3. Add a docstring to the module. This docstring serves as the module's README.
4. Put your module anywhere on the Python path of `mill.py`.
5. When using the CLI interface, pass the `-e <llm_id>` argument.
6. When using the CGI interface, pass the `llm_engine=<llm_id>` query-string
   parameter.

If the environment variable `MILL_DEFAULT_LLM` is set to `<llm_id>`, `mill.py`
uses the LLM engine by default.


## Adding example documentation

It's possible to add example documentation for uses of specific combinations of
`language_id` and `llm_id`.

1. Create a new Python module named `mill_example_<language_id>_<llm_id>`.
2. Create a global `example` variable in it and give it a string value.

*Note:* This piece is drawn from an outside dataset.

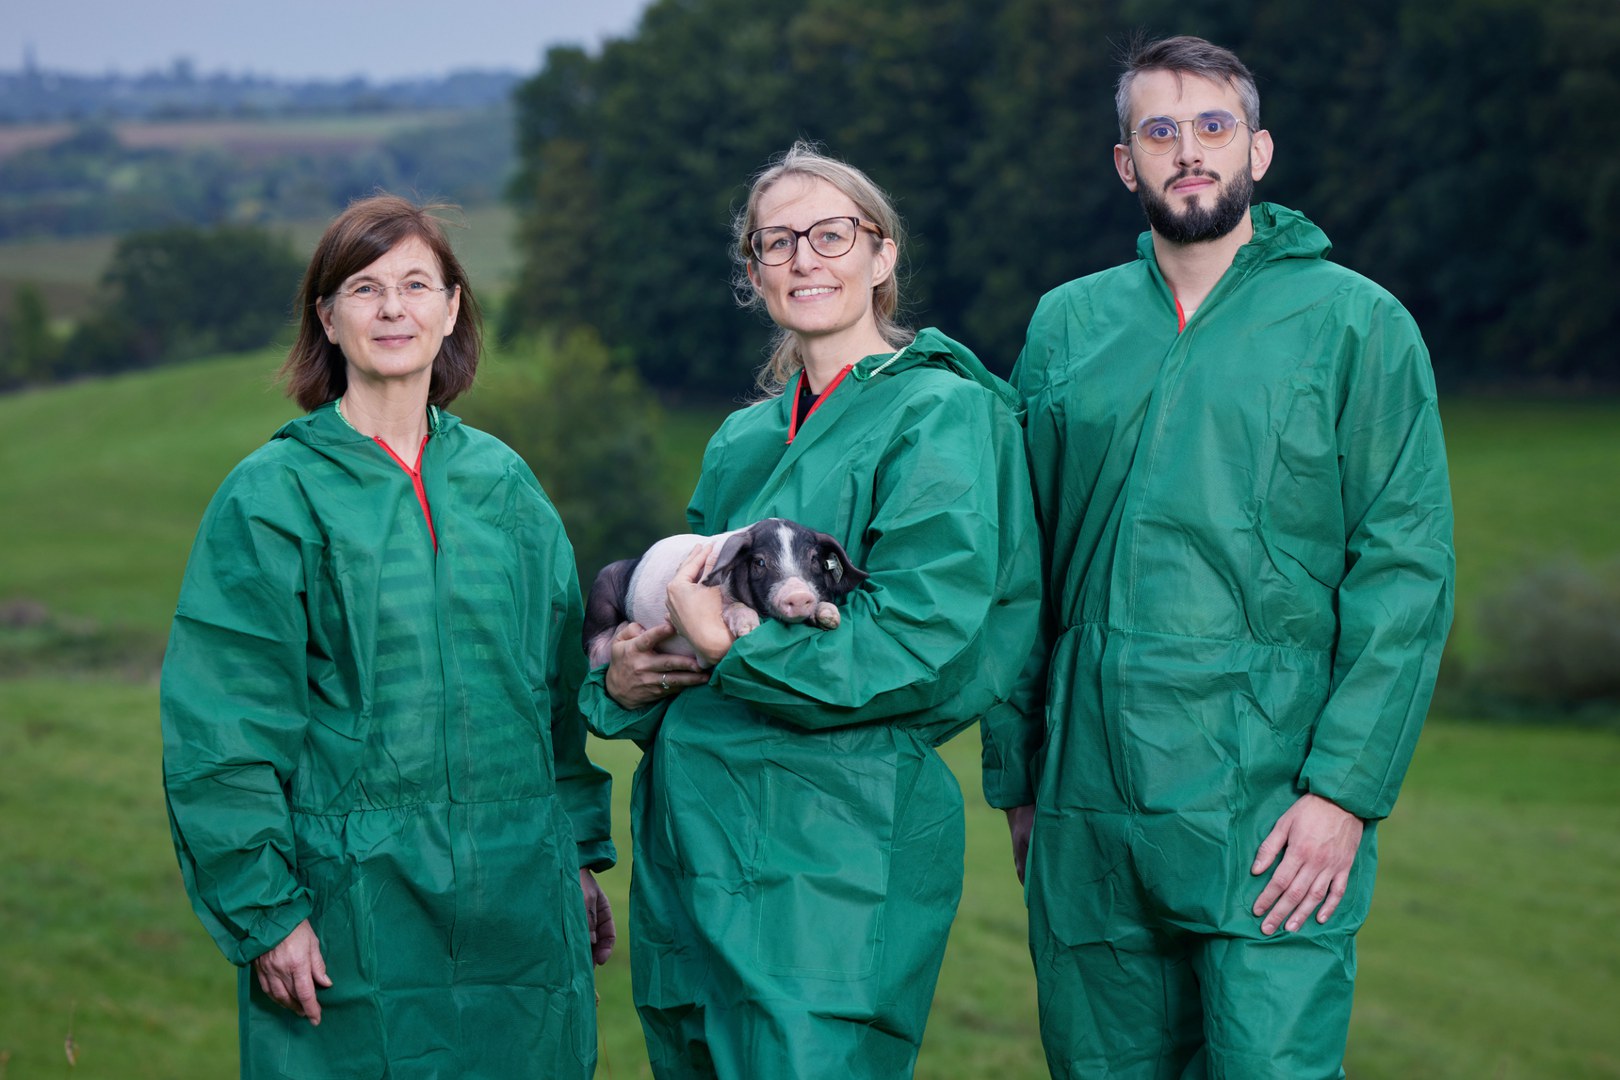 The team (left to right) in hygienic protective clothing with a piglet: - Prof. Dr. Monika Hartmann, Jeanette Klink-Lehmann and Milan Tatic at the Frankenforst Campus in Vinxel in the Siebengebirge region.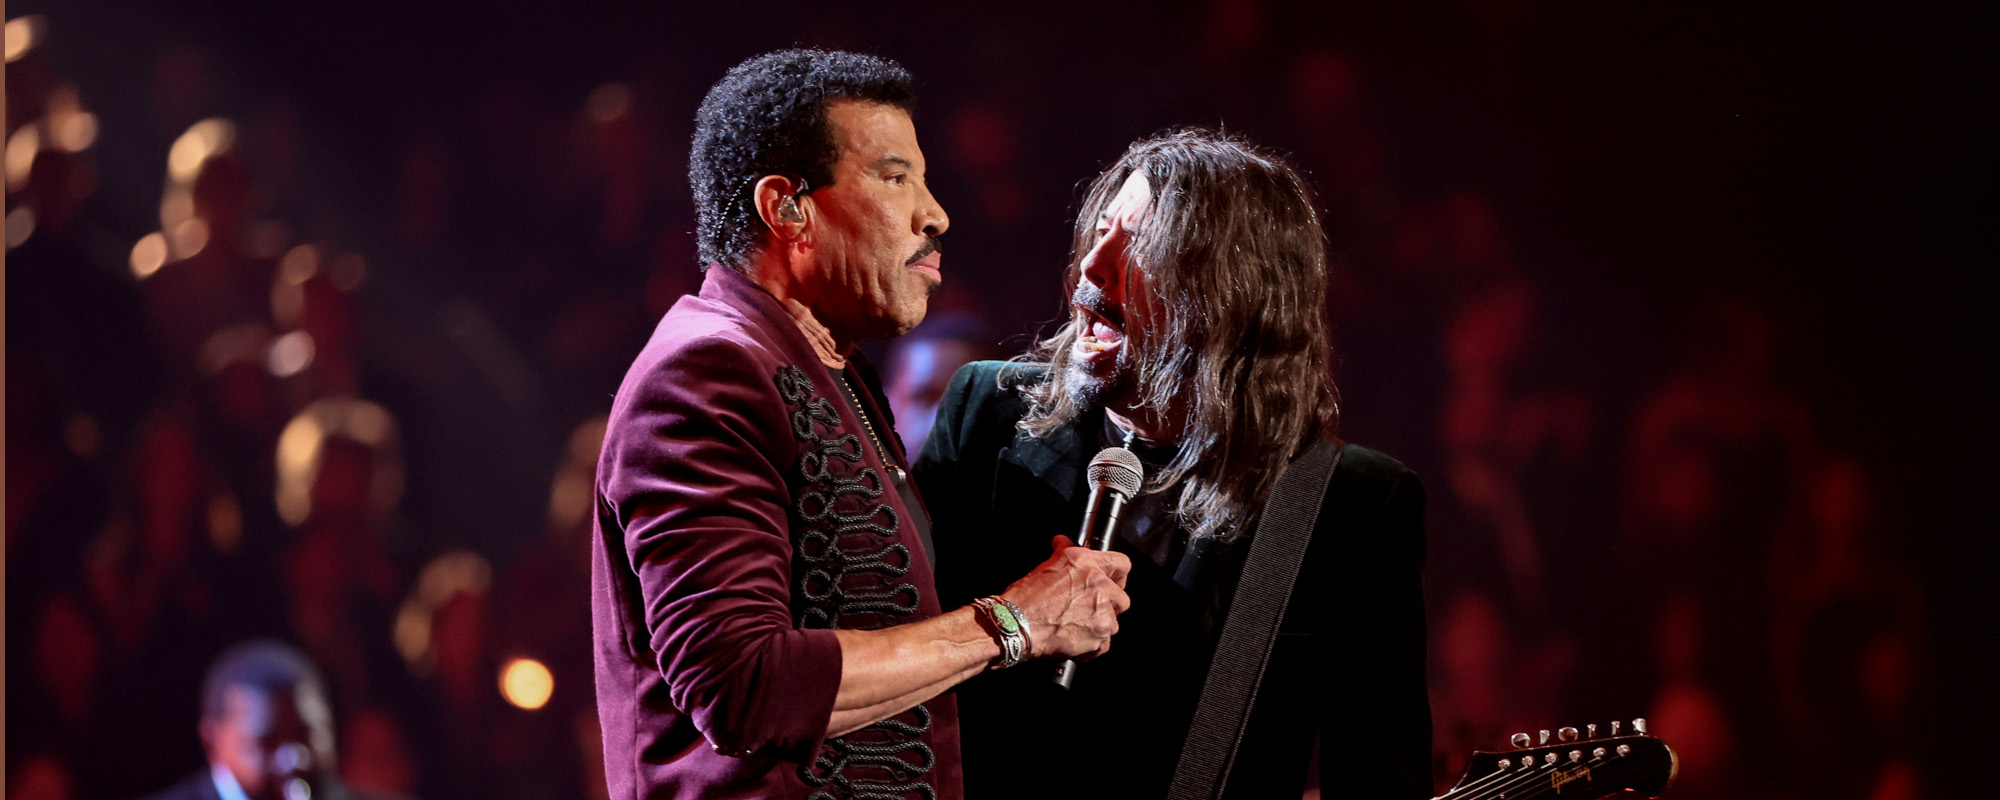 Dave Grohl Joins Lionel Richie for Performance of “Easy” at Rock and Roll HOF Ceremony

This
   value is printed in the README below the 'Features' list.
3. Create a global `runnable_example` variable in it and give it a string
   value. This value is printed at the end of the README.

The `example` variable is pure documentation. On the other hand, the intent for
the `runnable_example` variable is to have some text that can be executed by
`mill.py`. It should turn the README into an executable document.


## Runnable example

```mill-llm
--model
mixtral-8x7b-instruct-v0.1.Q5_0.gguf
```

```mill-llm
--ctx-size
0
```

```mill-llm
--keep
-1
```

```mill
message template


Me:

> [INST]  [/INST]

Bot:

>
```

```mill
prompt indent
>
```

You can pipe this README to `mill.py`.

The prompt is empty, so `mill.py` will respond by adding the message
template. Also in this case, since we didn't specify the prompt start,
`mill.py` will include all prompt indent blocks.

When the prompt is not empty, the prompt is sent to the LLM and the
generated text is appended. Every newline output by the LLM introduces
a prompt indent. Finally, the message template is added.